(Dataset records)
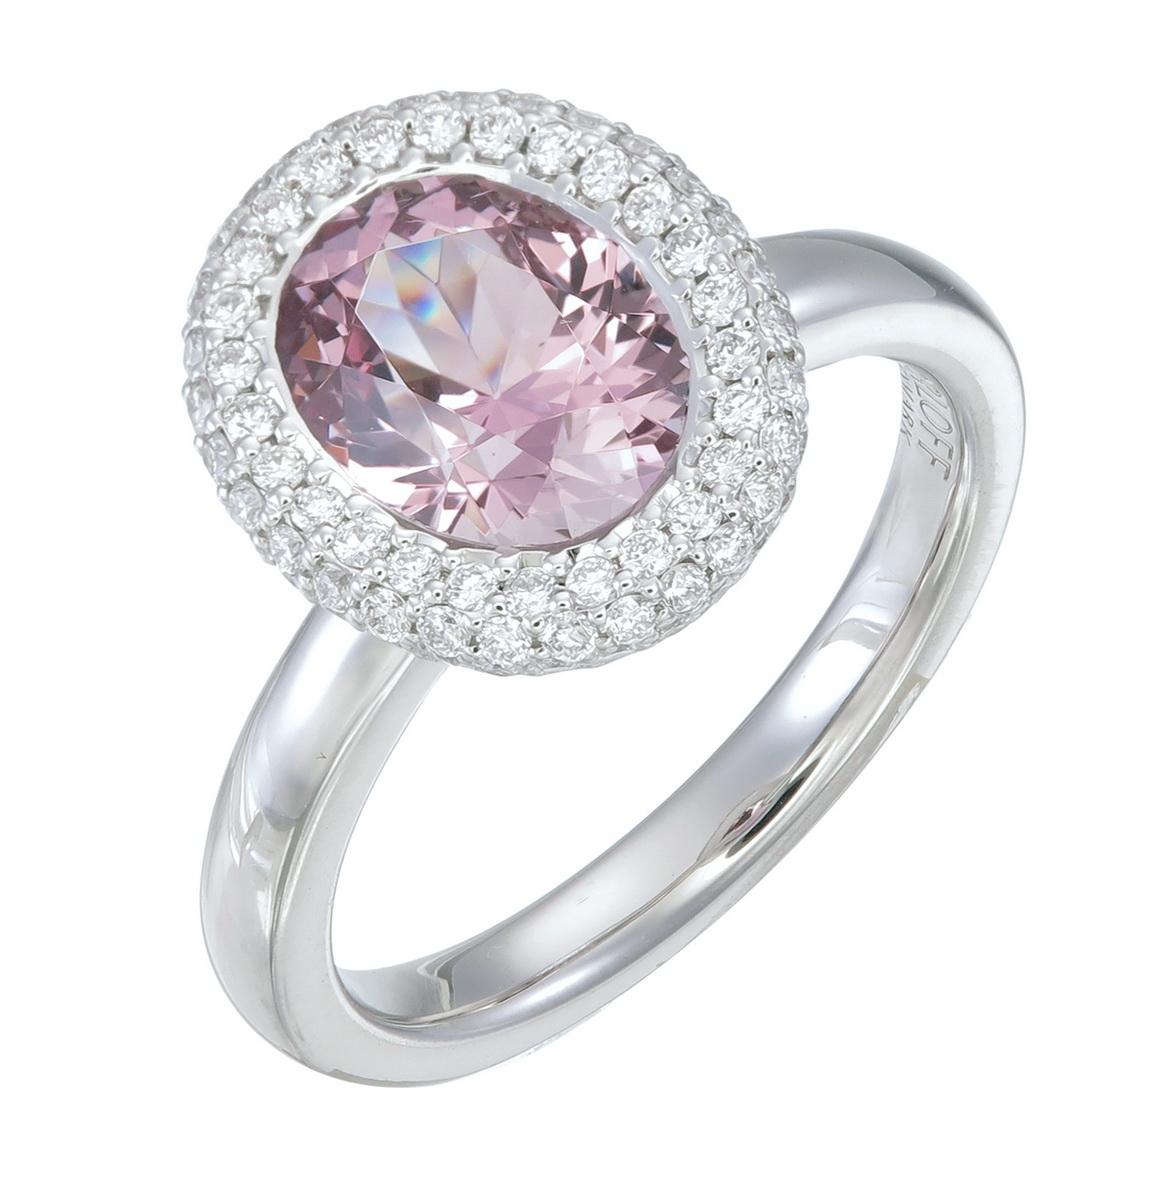 Orloff of Denmark's very own 'Blush Nimbus'
The stone originates from the rough mountainous terrain Tajikistan, which is renowned for the it's sensational pink spinels known for its soothing light pink color and stunning brilliance.
Along with the
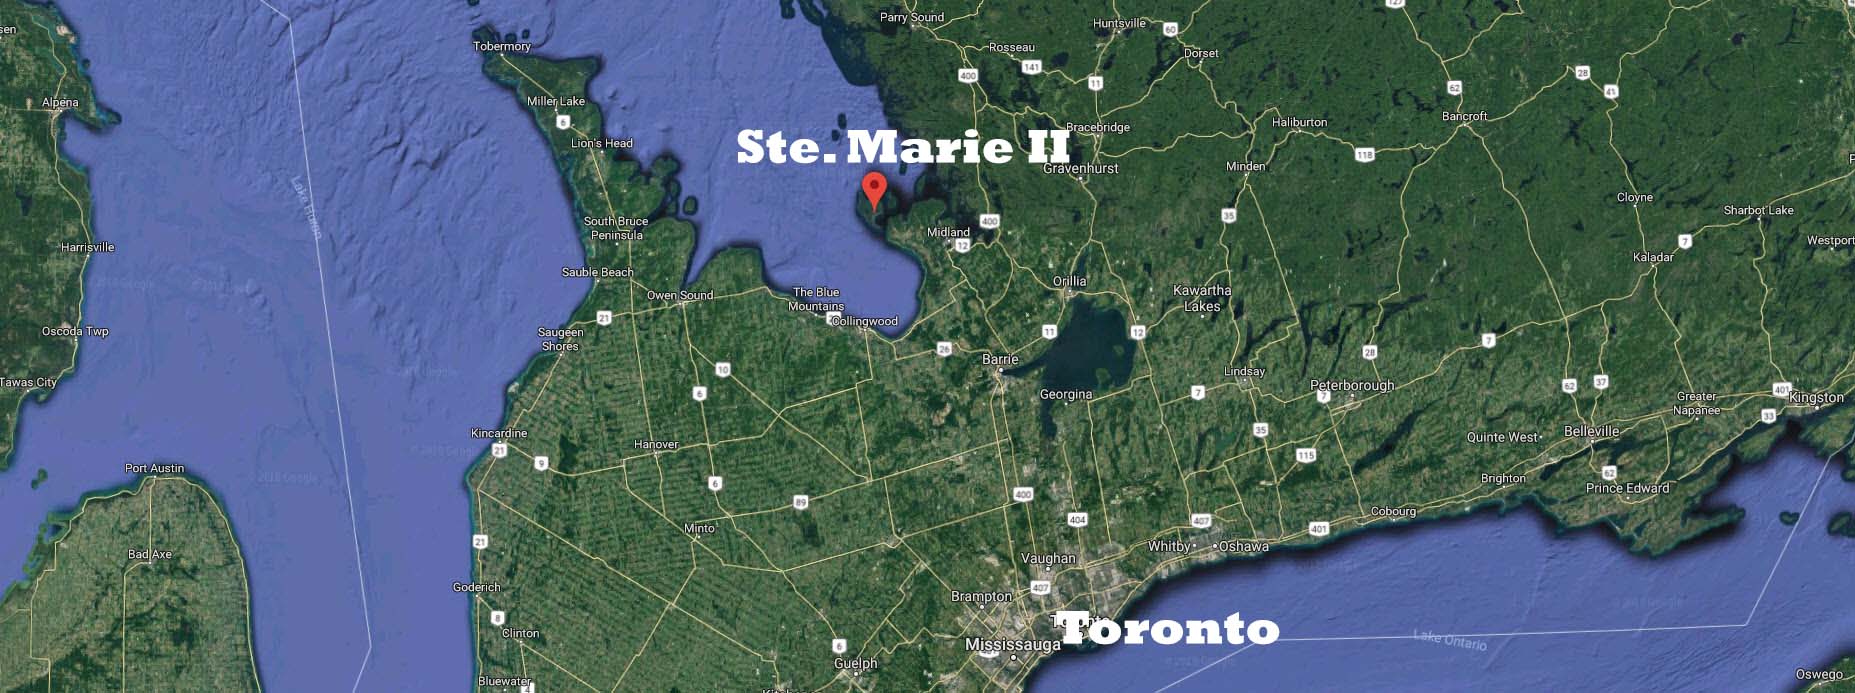 Colour google map of Southern Ontario with Ste Marie II and Toronto outlined in white letters.
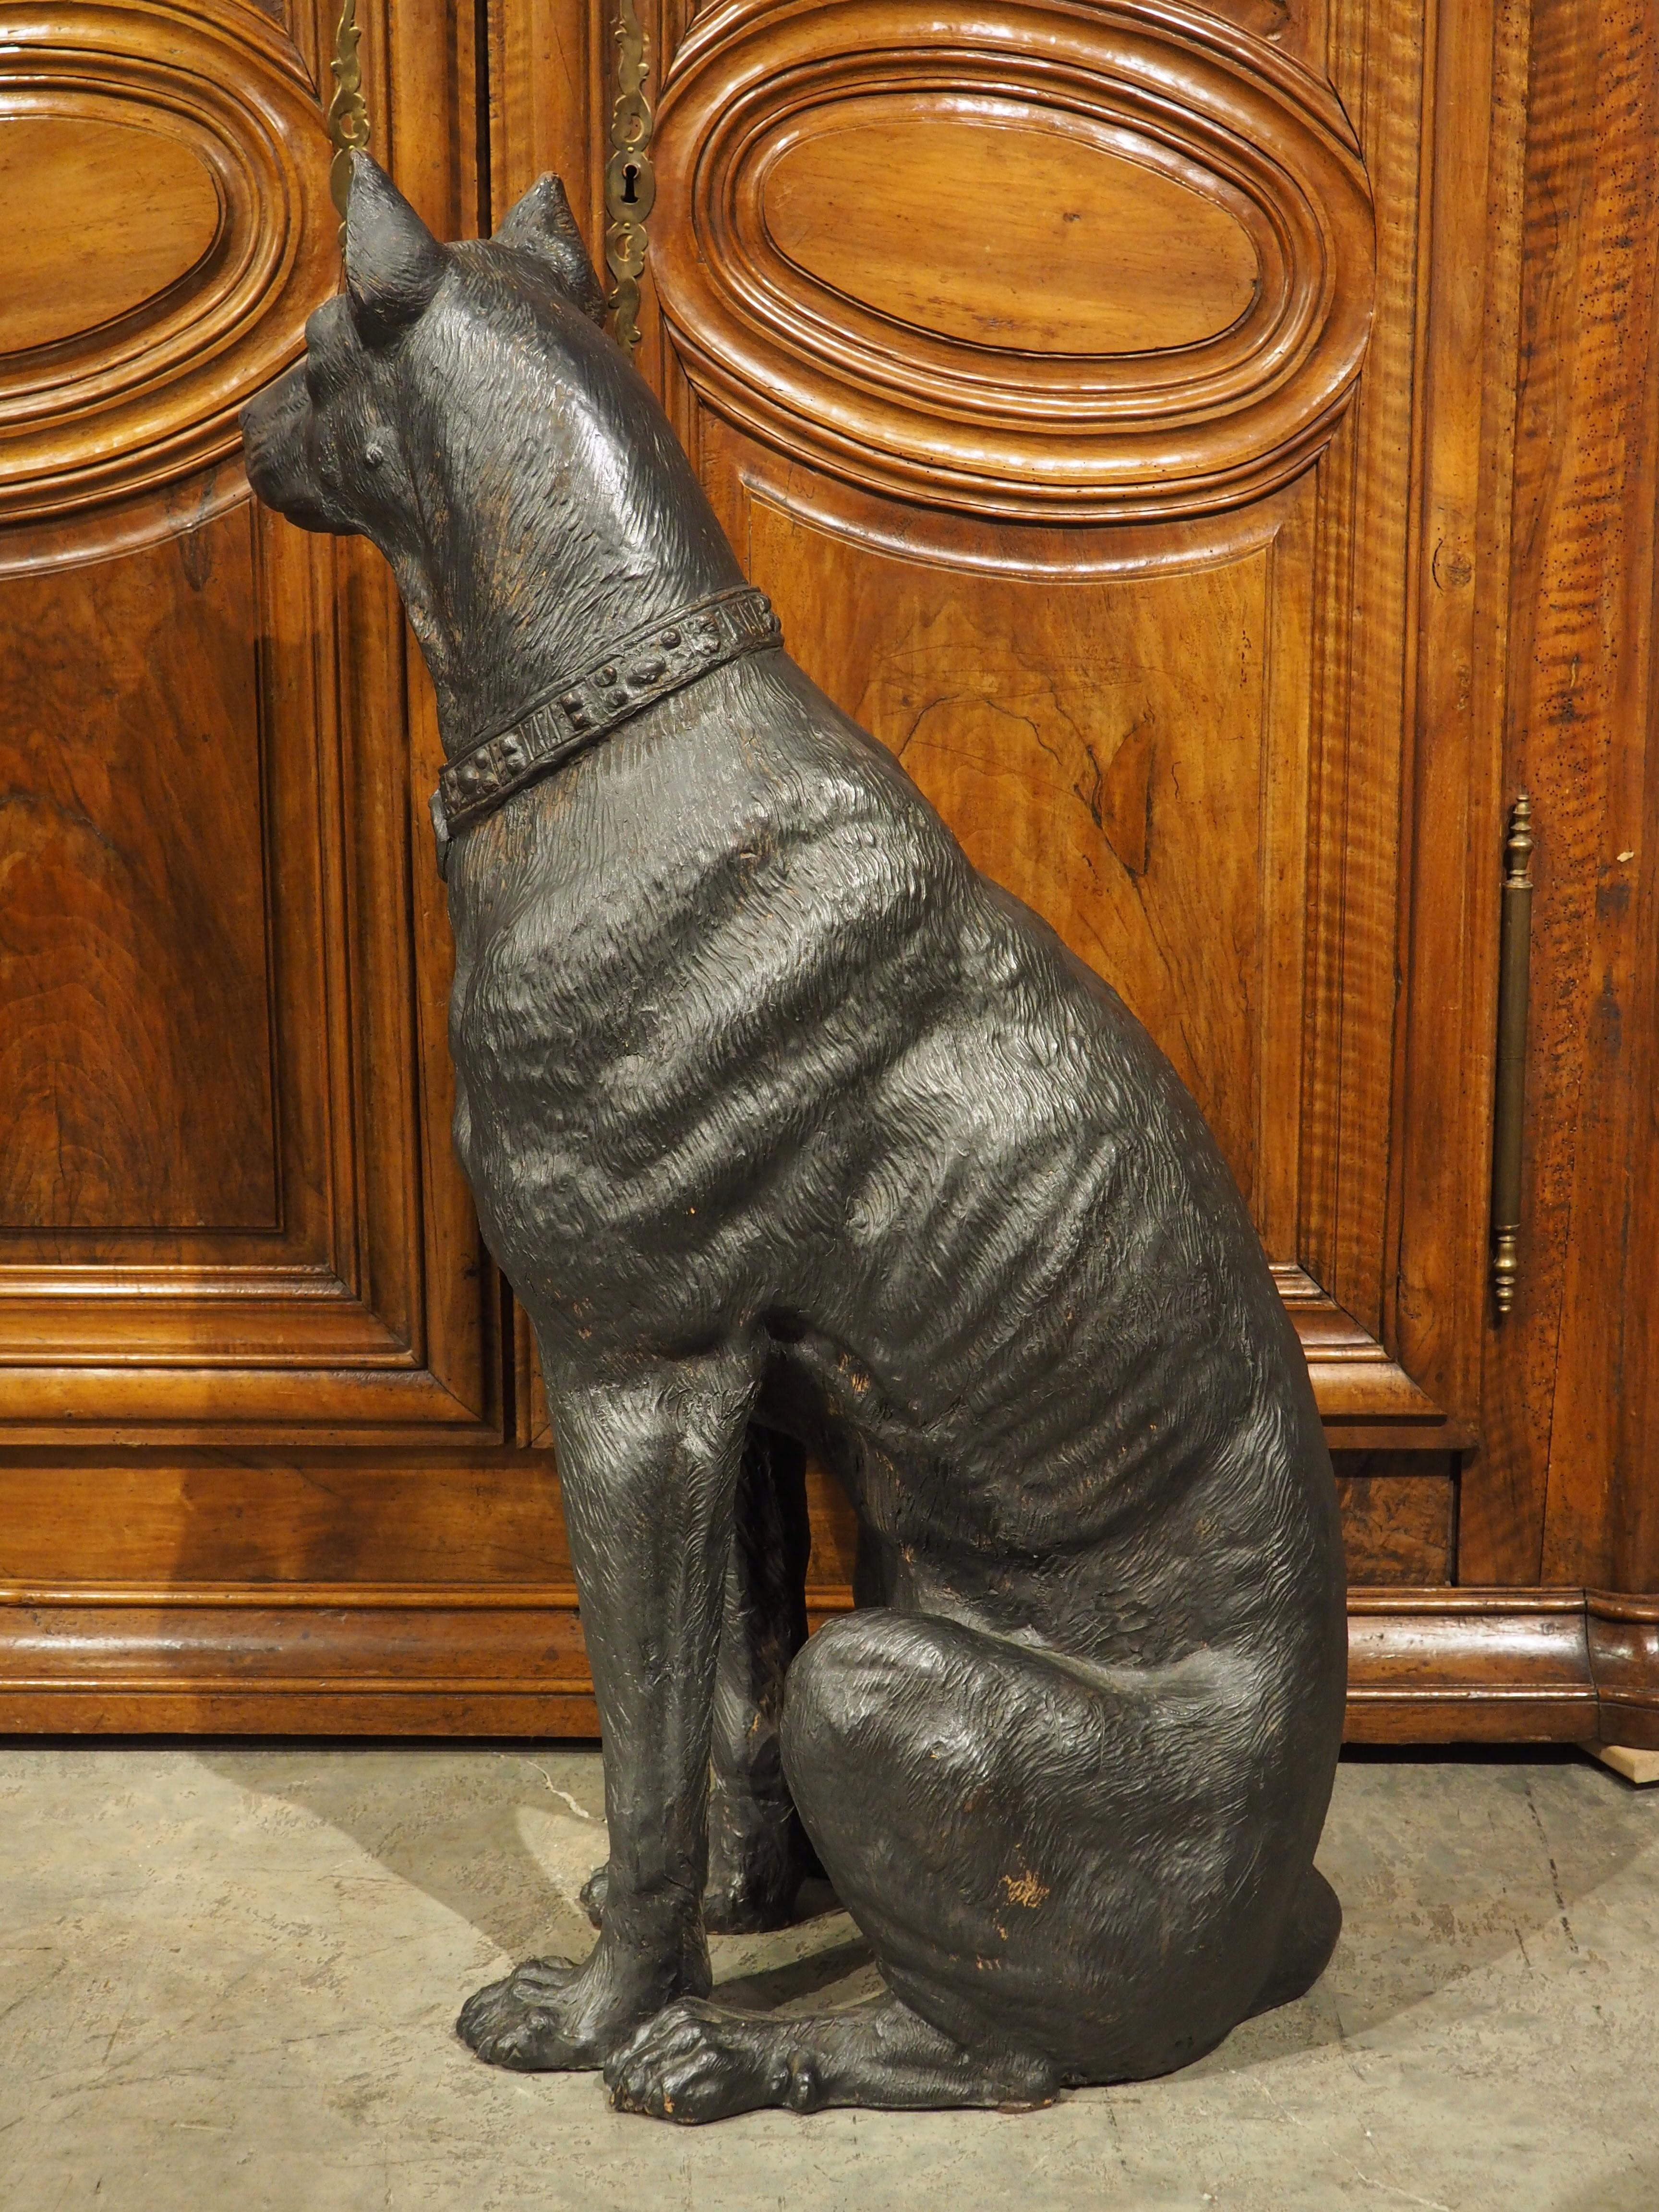 Originally from Austria, circa 1880, this life-sized painted terra cotta sculpture depicts a large and regal pinscher. The seated dog has been hand-painted black, with light traces of the original orange terra cotta color showing. A bejeweled collar

▶ [Aim of the task]
Once more, please print all the lines above exactly, without their pictures.

▶ [The answer]
 Orloff of Denmark's very own 'Blush Nimbus'
The stone originates from the rough mountainous terrain Tajikistan, which is renowned for the it's sensational pink spinels known for its soothing light pink color and stunning brilliance.
Along with the
 Colour google map of Southern Ontario with Ste Marie II and Toronto outlined in white letters.
 Originally from Austria, circa 1880, this life-sized painted terra cotta sculpture depicts a large and regal pinscher. The seated dog has been hand-painted black, with light traces of the original orange terra cotta color showing. A bejeweled collar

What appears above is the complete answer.